Problem: Laboratories often assume that their liquid handling instruments, from pipettes to automated liquid handlers, are operating within specifications. However, because data integrity for applications, from drug discovery to molecular diagnostics, relies on accurate and precise liquid delivery, this is a risky assumption with potentially high failure costs.
Liquid-delivery instrumentation can be verified using gravimetry, which measures liquid weight on analytical balances. This method is adequate for larger volumes, but does not verify low volumes effectively. Indeed, the accuracy of gravimetric processes is impacted by a variety of environmental factors, including evaporation, static electricity and vibration. This uncertainty grows as test volumes decrease.
Other methods, including fluorometry and single-dye absorbance photometry have limitations as well. In single-dye absorbance QC methods, the dynamic range of the chromophore is too narrow to evaluate all of the dilutions steps required to make the dose response curve. In contrast fluorometry provides the required sensitivity, but lacks the traceability associated with absorbance methods. These limitations often force users to make assumptions about the repeatability of the liquid handler over multiple aspirations and dispense cycles.

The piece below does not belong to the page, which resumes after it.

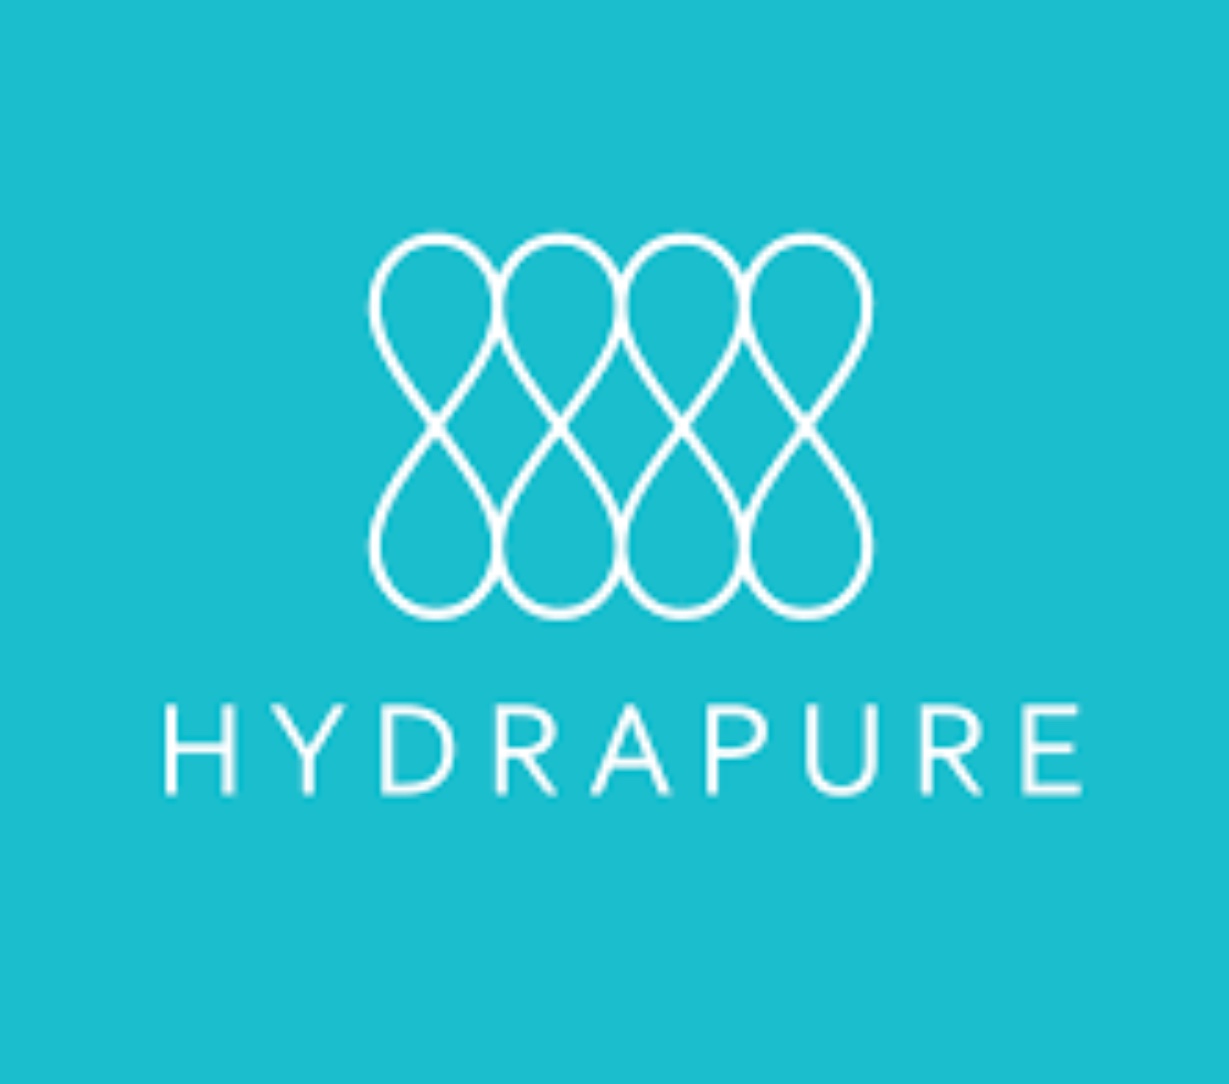 Le logo HydraPure sur fond turquoise met en valeur l'excellence en soins esthétiques.

Solution: Ratiometric photometry—using measured light absorption at two wavelengths to determine delivered volume—has emerged as a reliable solution to the accuracy risks posed by other established methodologies. Highly accurate and precise, even at low volumes, ratiometric photometry provides laboratories with an easy-to-use method to quickly validate liquid handling performance enhance laboratory efficiency. This translates into greater data confidence, more reliable regulatory compliance, and cost reductions due to elimination of repeated assays and remedial action.
While the science behind ratiometric photometry for volume verification is complex, Maine-based Artel has been using it to lead the way in liquid handling quality assurance technology for the past 28 years. The company has evolved ratiometric photometry into the core of its technological strengths by integrating it into easy-to-use, robust, and rapid measurement systems for liquid handling equipment. Artel’s volume verification systems—the PCS® Pipette Calibration System and the MVS® Multichannel Verification System—employ ratiometric photometry through dual-dye, dual-wavelength absorbance measurements to determine a target volume of sample solution dispensed from a pipette or liquid handler.
Two colorimetric dyes, with distinct absorbance maxima at 520 nm (red dye) and 730 nm (blue dye), are used to make this measurement possible. Volume measurements are determined by applying the Beer-Lambert Law, which states that the measured absorbance of a dye is proportional to the concentration of a dye, the molar absorptivity of the dye, and the pathlength of the sample holder. If both the molar absorptivities and concentrations of the dyes are known and closely controlled, which is the case with Artel Sample Solutions, the law can be used to determine an unknown pathlength traversed by a photometric light beam. By measuring the pathlength through the solution and by knowing the dye concentrations in the Artel Sample Solutions, the unknown volume can be calculated through a series of equations.
The need for liquid delivery quality assurance is more critical than ever. Even as the regulatory environment in the life sciences becomes more stringent, budgets and staff continue to shrink. More than ever, laboratories require a more accurate, precise and convenient methodology to verify the performance of liquid handling instrumentation.
By providing labs with a user-friendly approach to ratiometric photometry, Artel’s volume verification systems strengthen confidence in assay results and enhance data quality.